- Leader: Joxe Iriarte Bikila
- Founded: 2012
- Ideology: Anticapitalism Basque independence Socialism Ezker abertzalea
- Political position: Radical left
- International affiliation: None

Website
- www.gorripidea.eus

= Gorripidea =

Socialist party in the Basque Country

Gorripidea is a Basque political party with a socialist and abertzale ideology, born in 2012 after the dissolution of Zutik (political party created in 1991 by the union of EMK and the LKI).

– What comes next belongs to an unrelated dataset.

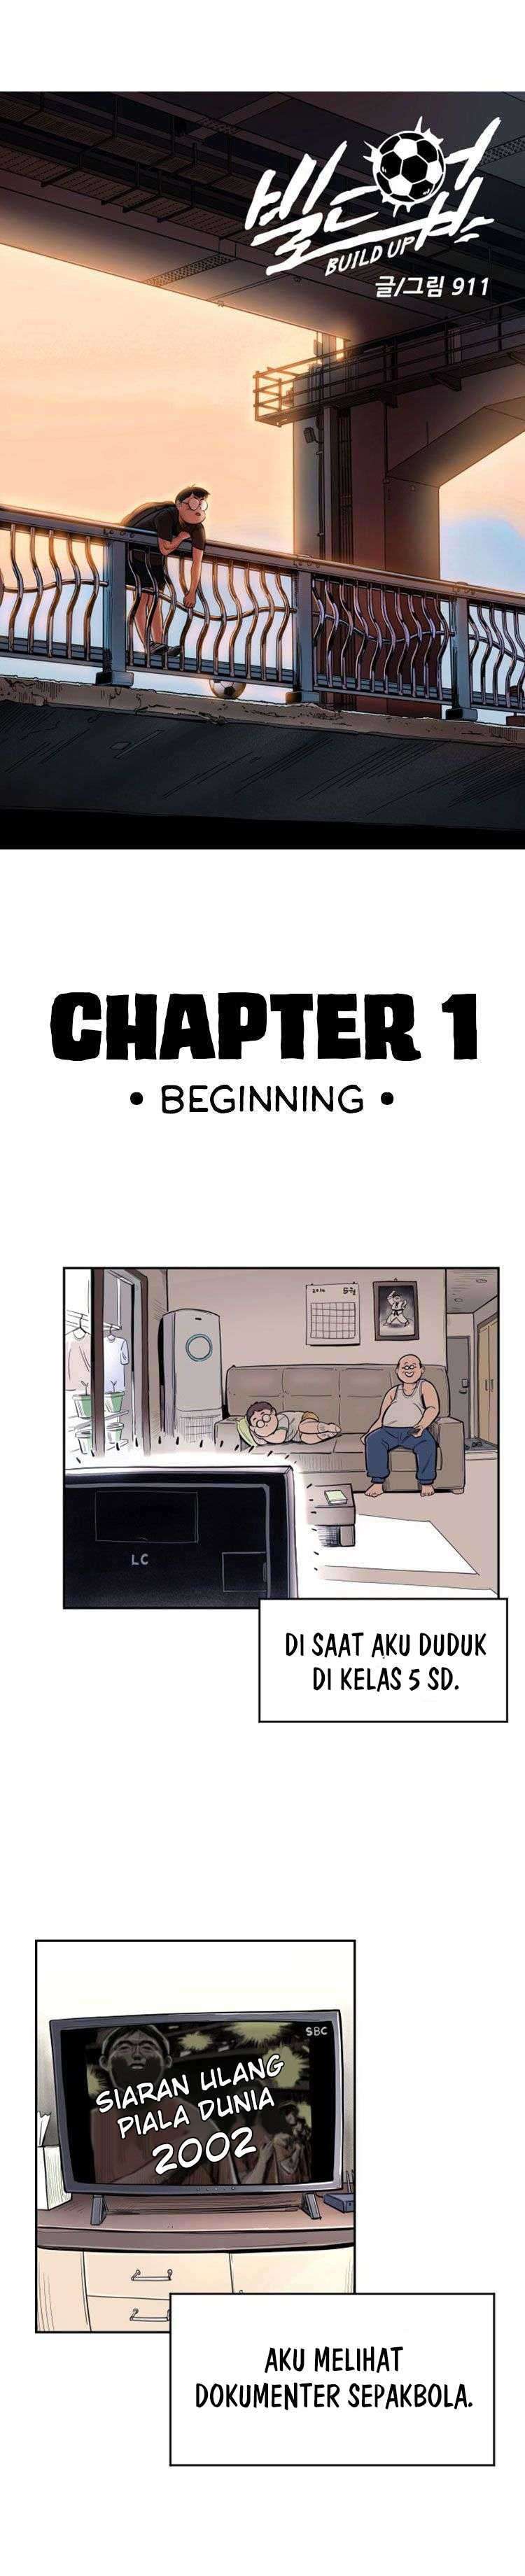 Build Up Chapter 1

Founded in March 2009 as an internal current of Zutik, with a more nationalist profile, in 2012 the current transformed itself in a political party due to the dissolution of Zutik in December 2011. In the labour field, its members sympathize with Ezker Sindikalaren Konbergentzia (ESK).

Gorripidea asked to vote for EH Bildu in the elections 2012 Basque elections and for The People's Decide in the 2014 European elections.

On November 29, 2014 the members of the party unanimously agreed to formalize the compatibility of being a member of Gorripidea and the membership of other political organizations. Consequently, in February 2015 dozens of militants were integrated into Alternatiba, including his spokesperson Joxe Iriarte Bikila. Other members of Gorripiedea are involved in Podemos.